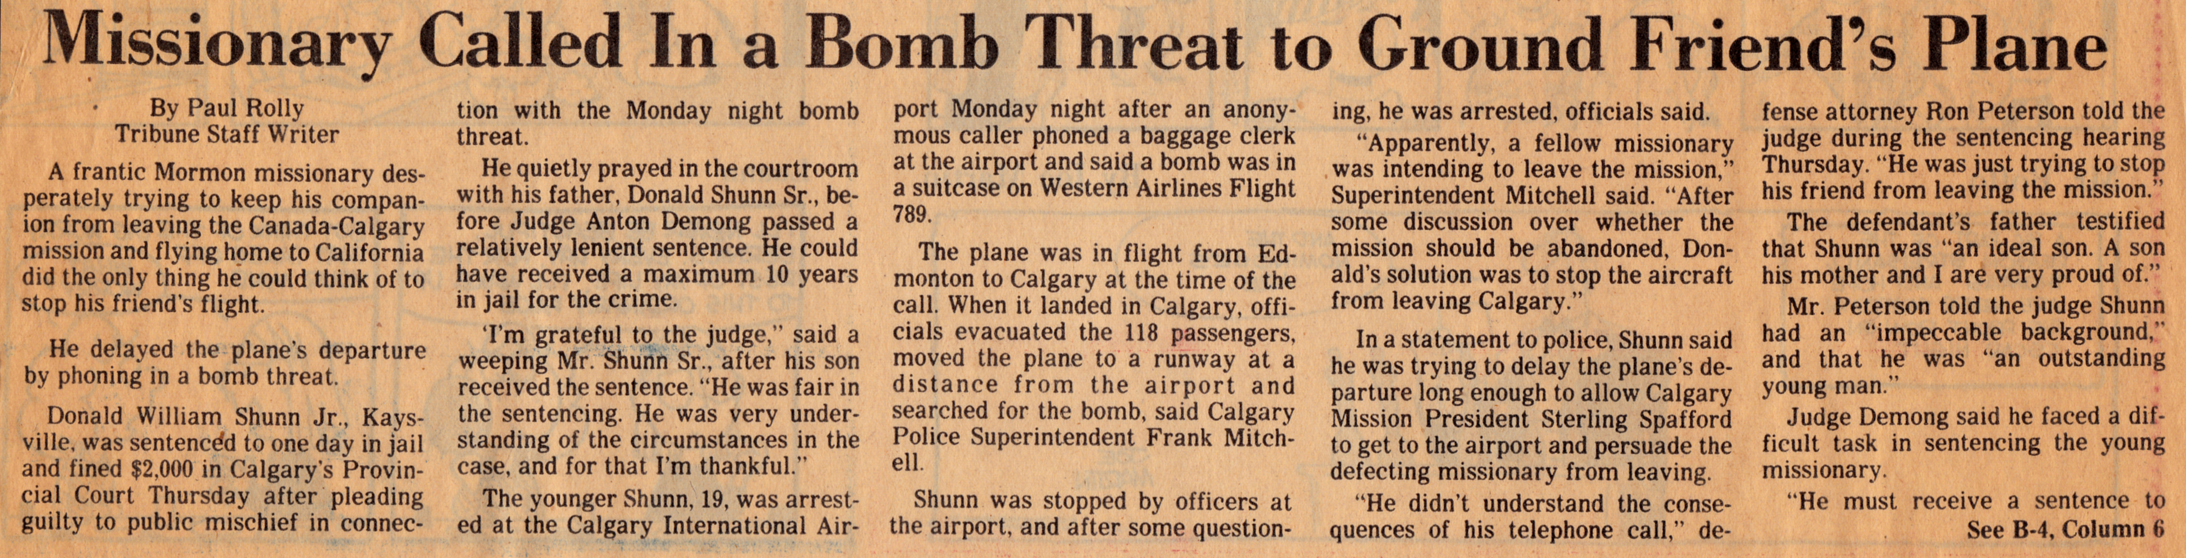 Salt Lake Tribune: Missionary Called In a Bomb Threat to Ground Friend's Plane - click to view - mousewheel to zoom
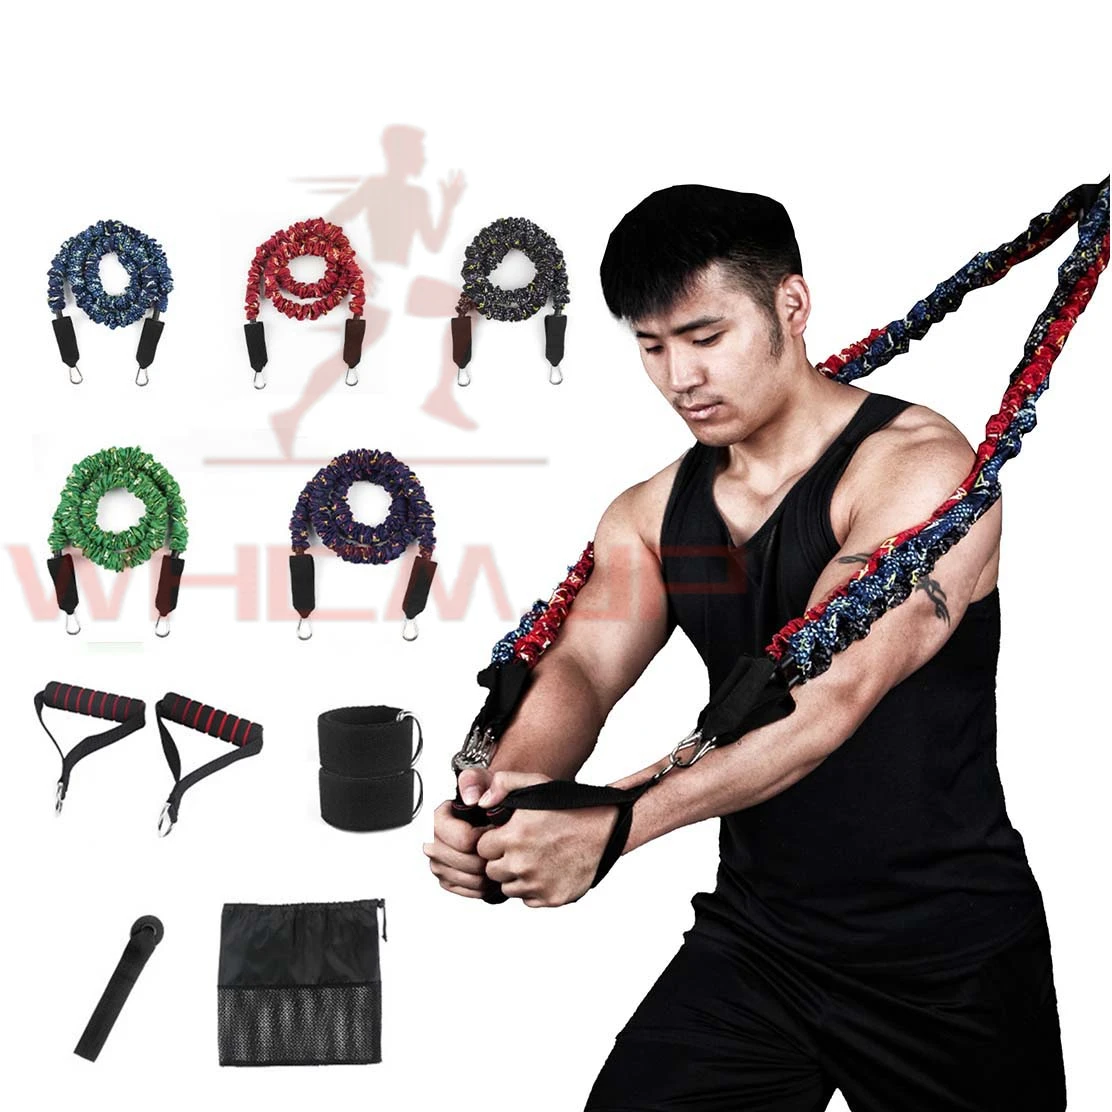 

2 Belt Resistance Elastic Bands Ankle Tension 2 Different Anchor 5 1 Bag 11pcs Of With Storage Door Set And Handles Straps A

——————————

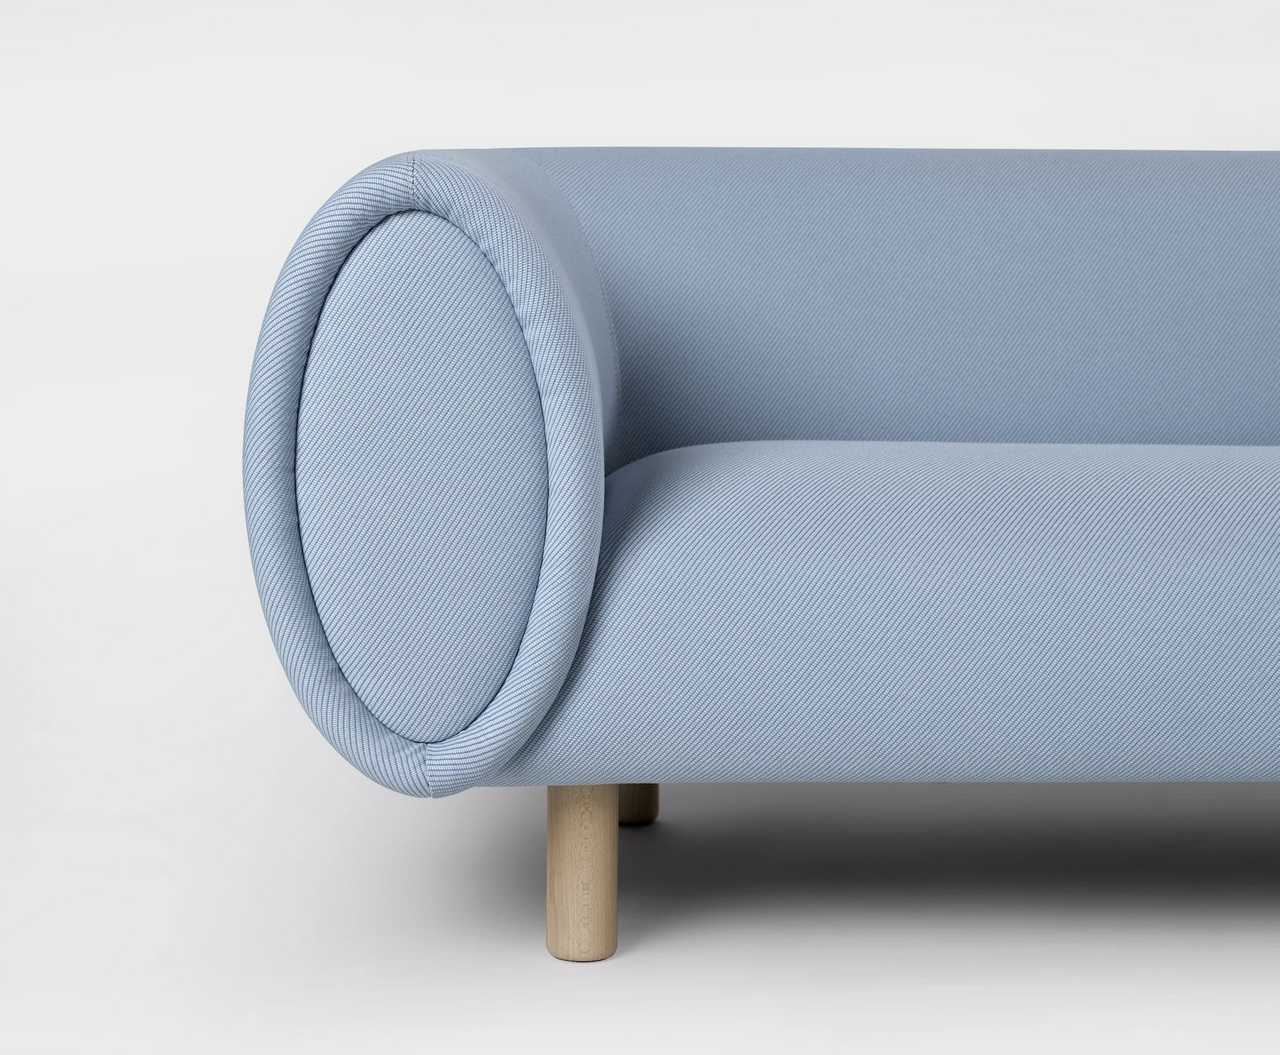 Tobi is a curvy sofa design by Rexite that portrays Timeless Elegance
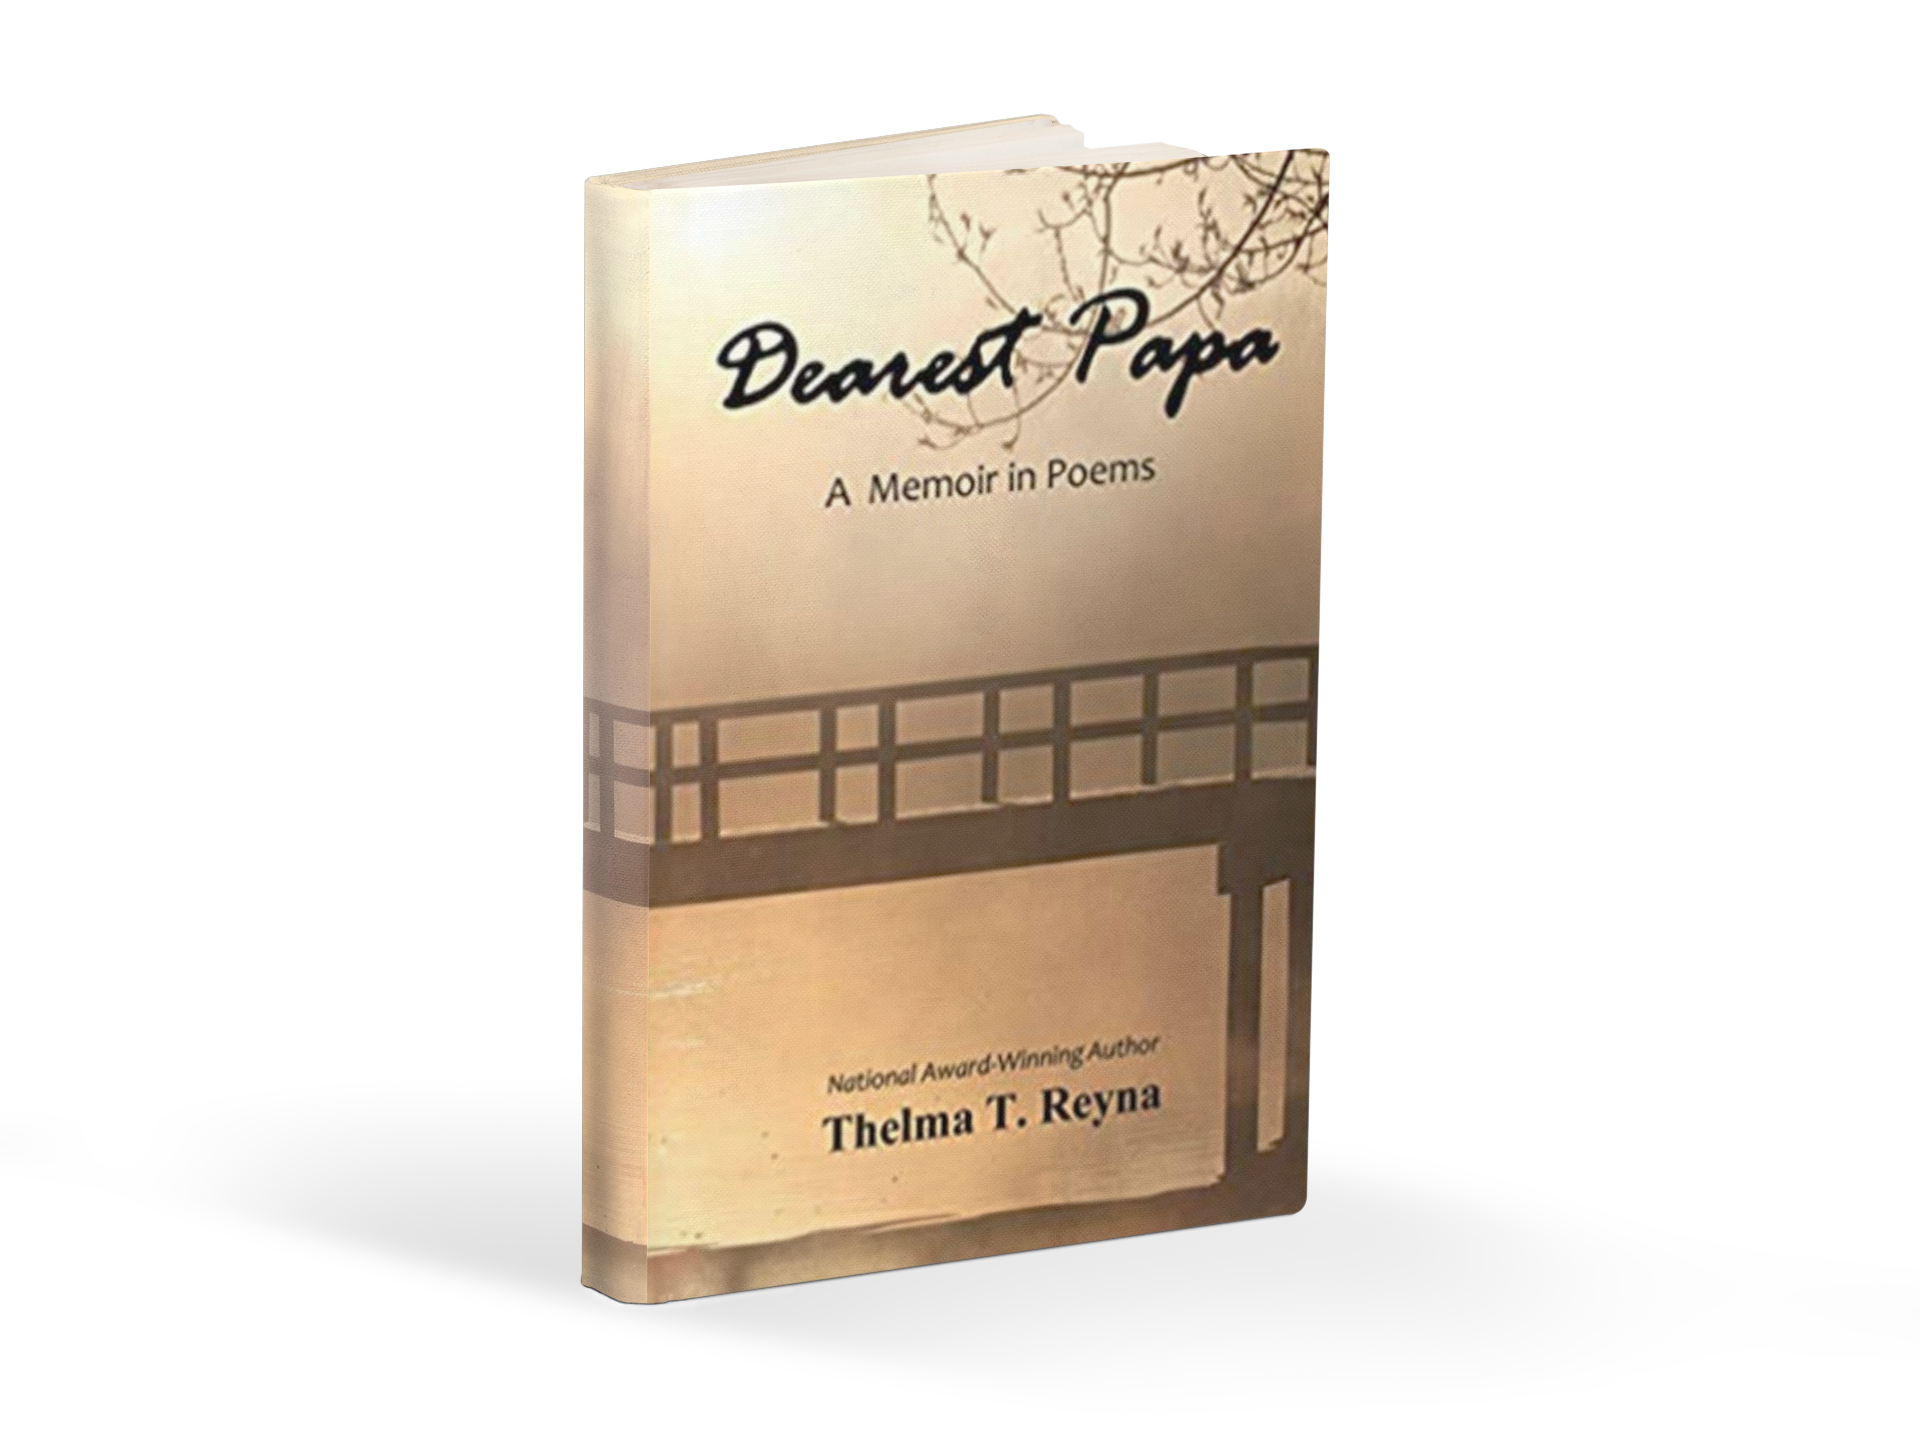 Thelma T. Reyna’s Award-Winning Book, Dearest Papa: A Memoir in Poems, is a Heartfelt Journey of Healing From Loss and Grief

——————————

◆ What this task involves:
Nothing but the lines from the one with "Tobi is a curvy" up to and including the one with "Thelma T. Reyna’s" should be printed, exactly as they read above. Please keep the pictures out.

◆ Answer to this problem:
 Tobi is a curvy sofa design by Rexite that portrays Timeless Elegance
 Thelma T. Reyna’s Award-Winning Book, Dearest Papa: A Memoir in Poems, is a Heartfelt Journey of Healing From Loss and Grief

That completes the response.